Match transformation is used to identify the duplicates in the data based on the match criteria and a weighted score.
This transformation is used to determine the duplicates and consolidate them.
Using this transform we can-
- Correct and standardize the data
- Employ the match standards
- Fill Empty / Null records
- Define a match strategy
Break Group: – Using the break group, we can break the data in to groups or buckets so that later when we want to do a comparison, the comparison happens with in that group or bucket.
First record among the duplicates will become the master and the remaining records will become the subordinate records.
We will see the Match Wizard for using the match transformation.
Create a batch job (Job_demo_match_Bstrec), Data flow (DF_match_br)
Here in this example we are using the excel spread sheet as source, so import that spread sheet to data services through file format and use it as source in the dataflow.
Sample source data:-
These types of records are potential duplicates as the system cannot identify them as Duplicate data. Using the BODS Match Transform we can identify such records based on the match strategy, match scores and match ranks. It also picks the first record as the master record and the remaining duplicates as the subordinate records. (Address and the phone columns)
Now select the source and right click and choose Run match wizard.
This will start the Match wizard-
Select the simple match and click on next.
Now we have to identify the match criteria, we can define more than one criteria at this stage on which we have to define the match-
Give the match set name and select the criteria from the drop down. Click on next
Here we are trying to a match on the data to identify the duplicates by defining match criteria as FIRM
Select the drop down next to firm and choose the field company name from the source and click on next.
Now we need to define the break key. As per the earlier definition, the break key breaks the data into different buckets, so that we can quickly perform the duplicate check, if searched within the bucket. This reduces the comparison and improves the performance. Here we are creating a break key on postal code. Give length to 5 and click Finish.
This completes the creation of match transformation.
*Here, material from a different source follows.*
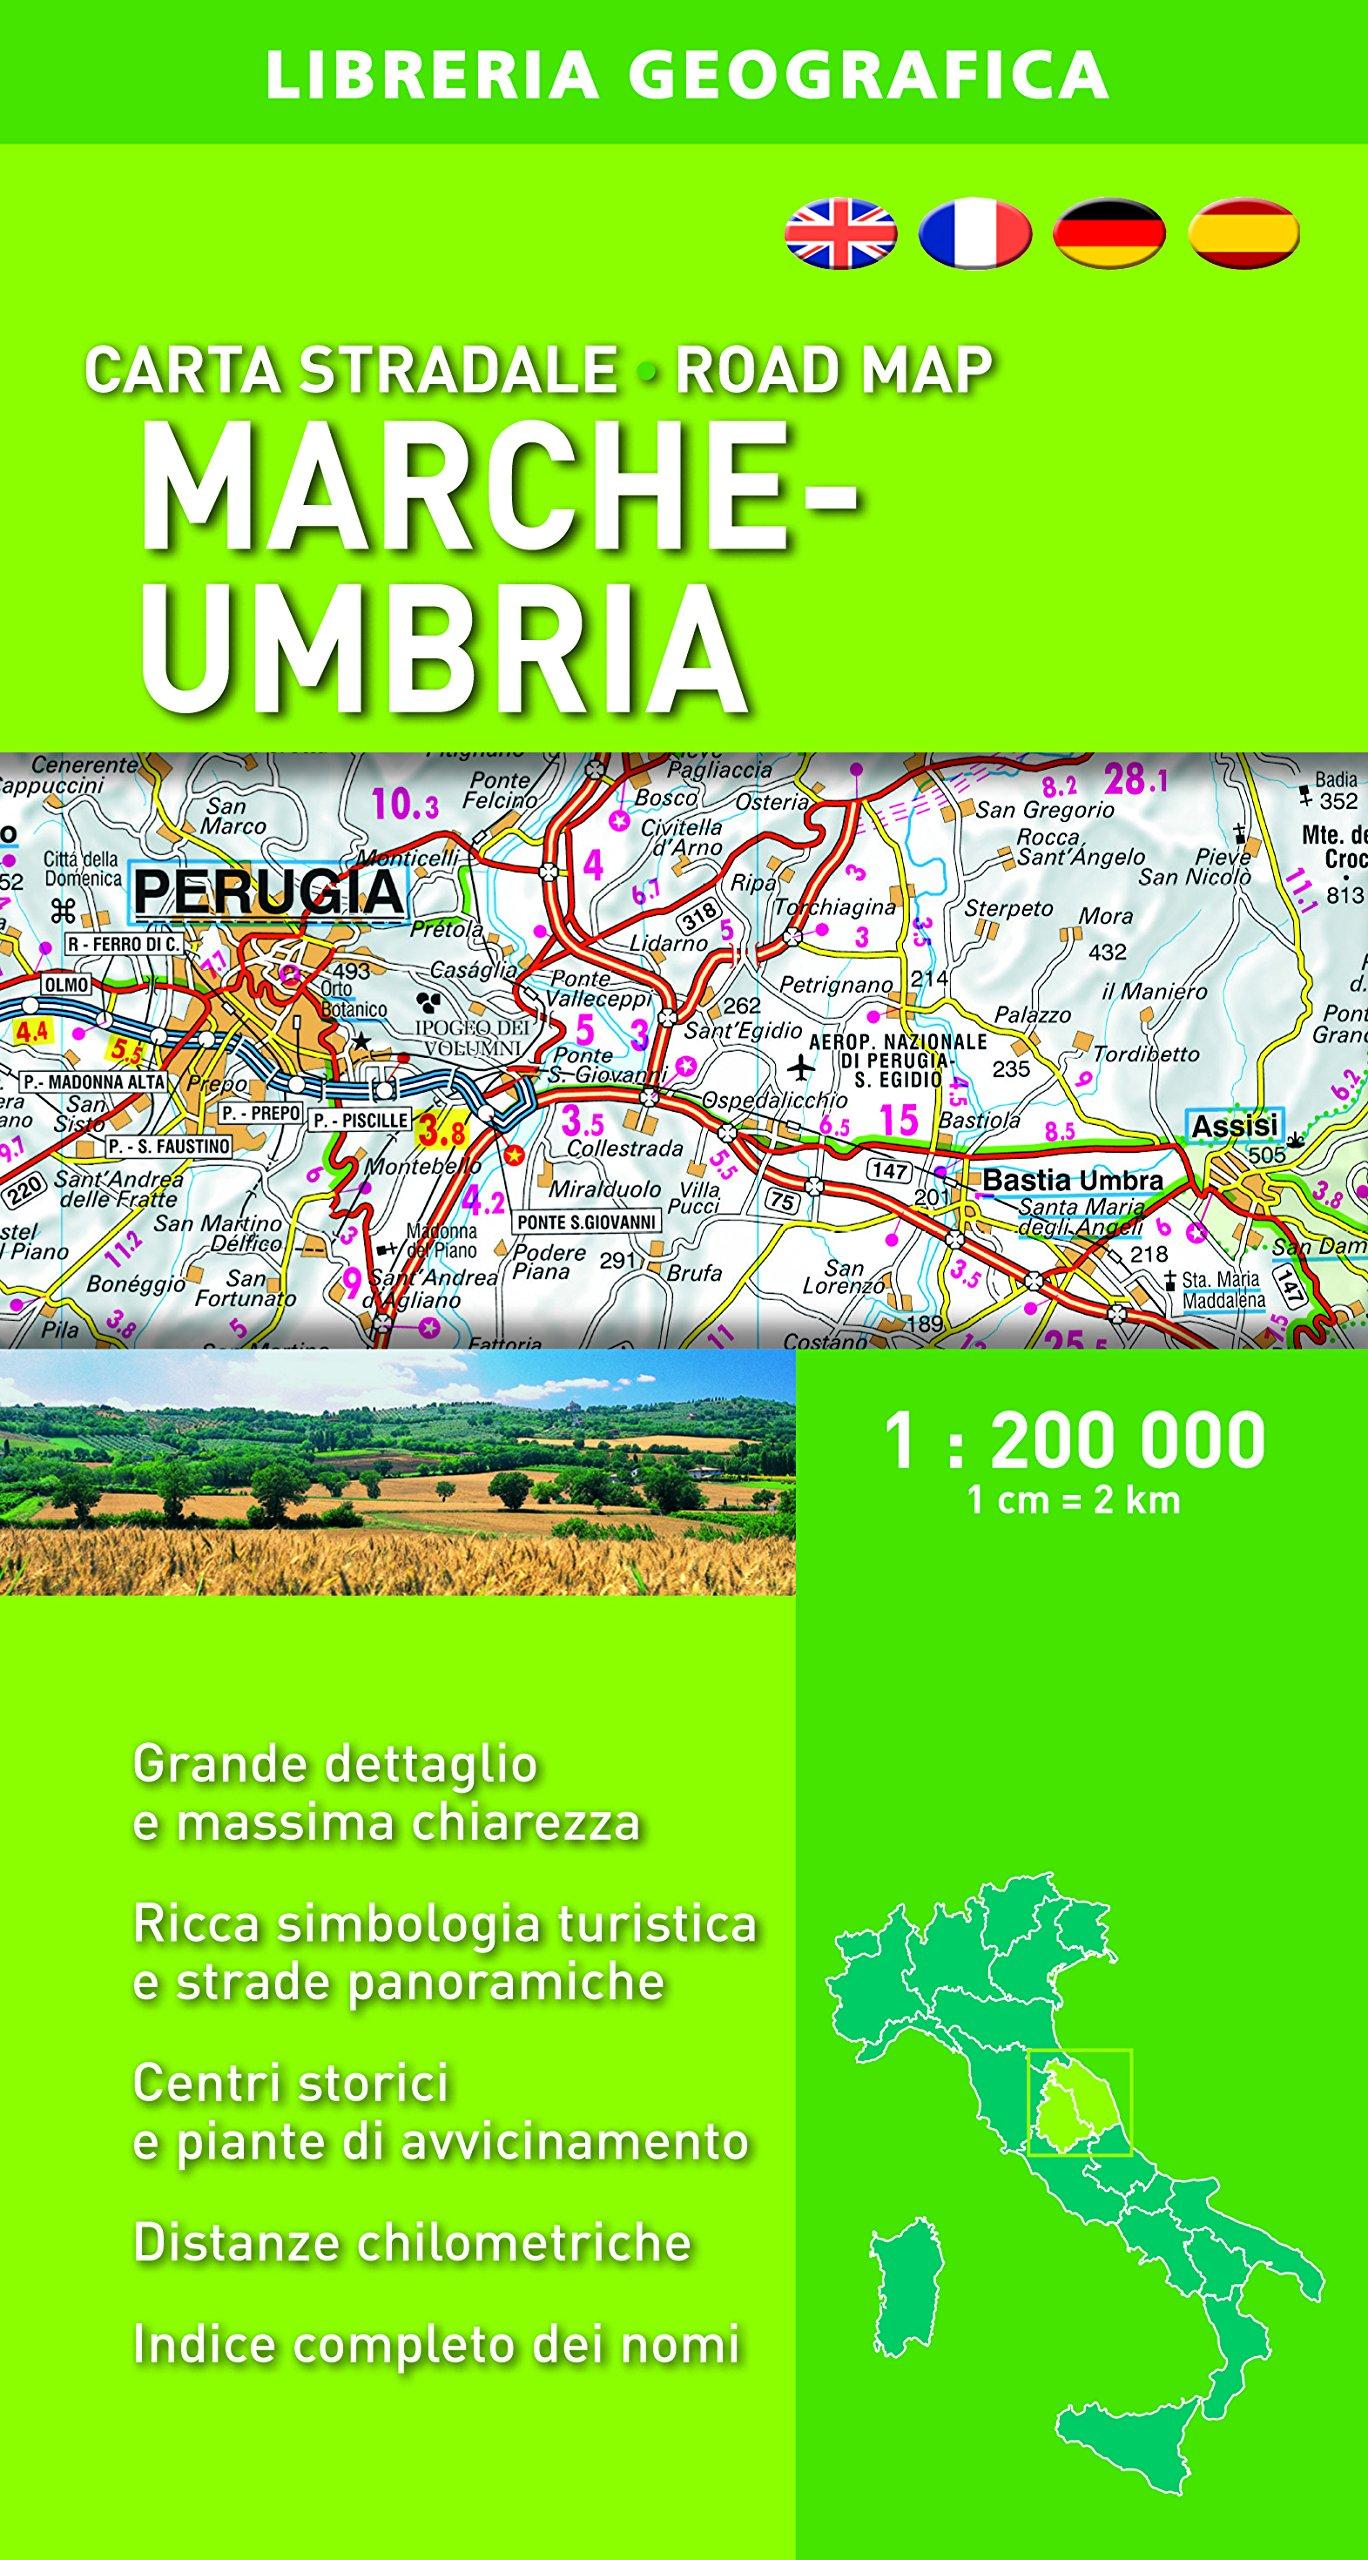 Cartina Stradale Marche Umbria.Carta Stradale Marche E Umbria 1 200 000 Ion 1 0 Libri Amazon It
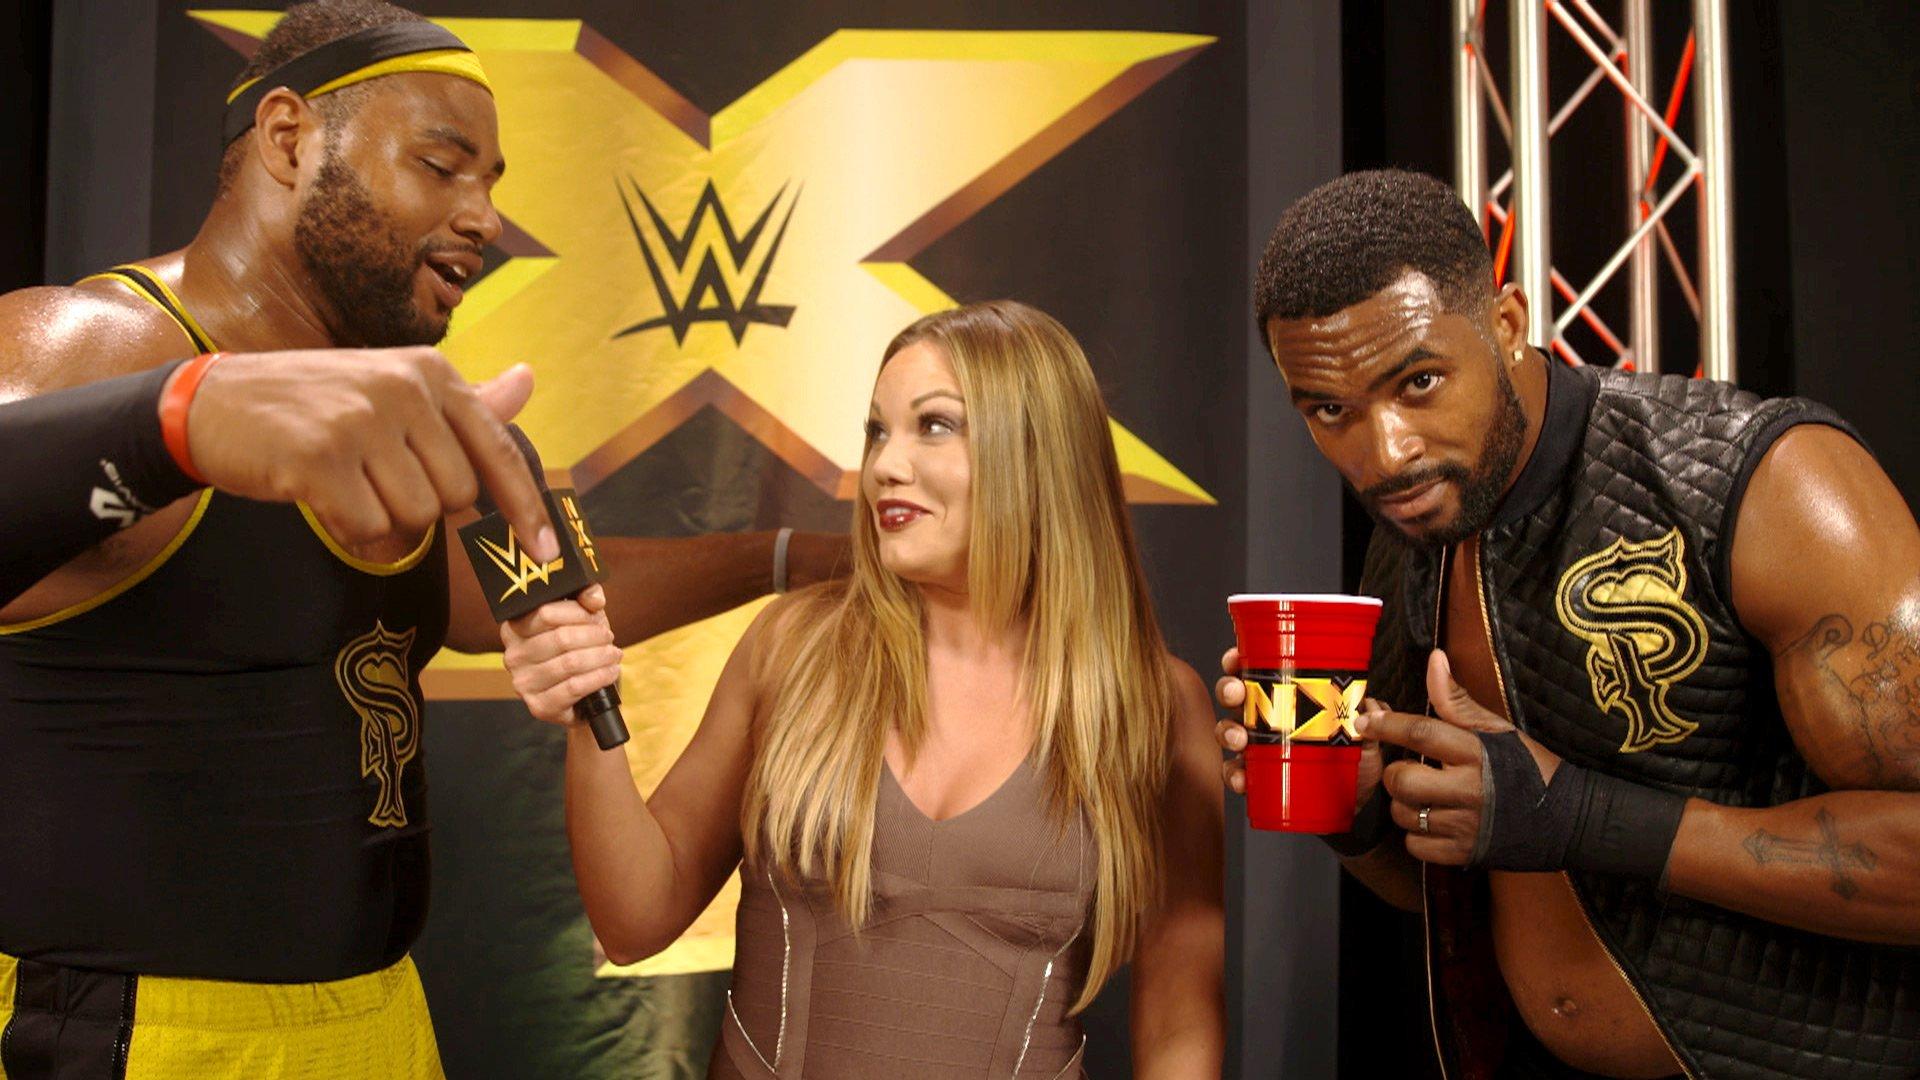 Street Profits świętują wygraną w NXT: WWE.com Exclusive 09.08.17

Drag a temp table from the right side pane and link the match transformation to the temp table and execute the job to see the result.
Save and execute the job to see the results of the match transformation.
The group number defines the number of groups of potential duplicates.
Group number, score, count, and rank are the extra fields that are added and based on them you can identify the duplicates.
Group number give break group number (here it is based on the postal code)
Match score gives the percentage of match (here its 100% match)
Click on the match transformation and go to options tab and click edit options button or right click on the transformation and click on “match editor” to create the best record strategy.
Best record is determined post match processing.
So we need to add the fields Address and phone number to the input tab of the match transformation.
Drag and drop the fields Address and phone number to the Input tab as above. Go to options tab and click on edit options button.
Right click on the Post match processing -> add -> Best Record
Now you will see the bellow screen.
Change the best record name as Addr_Best_Record as we are doing this for the Address Column and choose the values as below from the drop down.
Best record strategy: – Non-Blanks (a row with no blanks is a best record)
Strategy field:- Address ( as we are doing the best record for the address)
Posting per Destination: – Master (because we want to create the master record as the best record)
Post only once per Destination: – Yes
Best record action fields
Choose Address from the drop down in the source field and automatically the Address in the Destination Field is selected. Choose Yes for the custom if you want to wrote any custom python code and No if you don’t wish to.
Click on Apply and ok.
Repeat the same process for the field Phone for the best record.
Delete the fields Address and Phone from Schema out
Now go to the Output tab and choose the fields (address and phone) you want to display in the schema out. These columns will display the new best record values.
Save and execute the job to see the below results in the target table.
Now you can notice that the Address and the Phone values are posted in the master record.
You can also uncheck the fields Group number, score, count and rank if you don’t wish them to be displayed in the target table.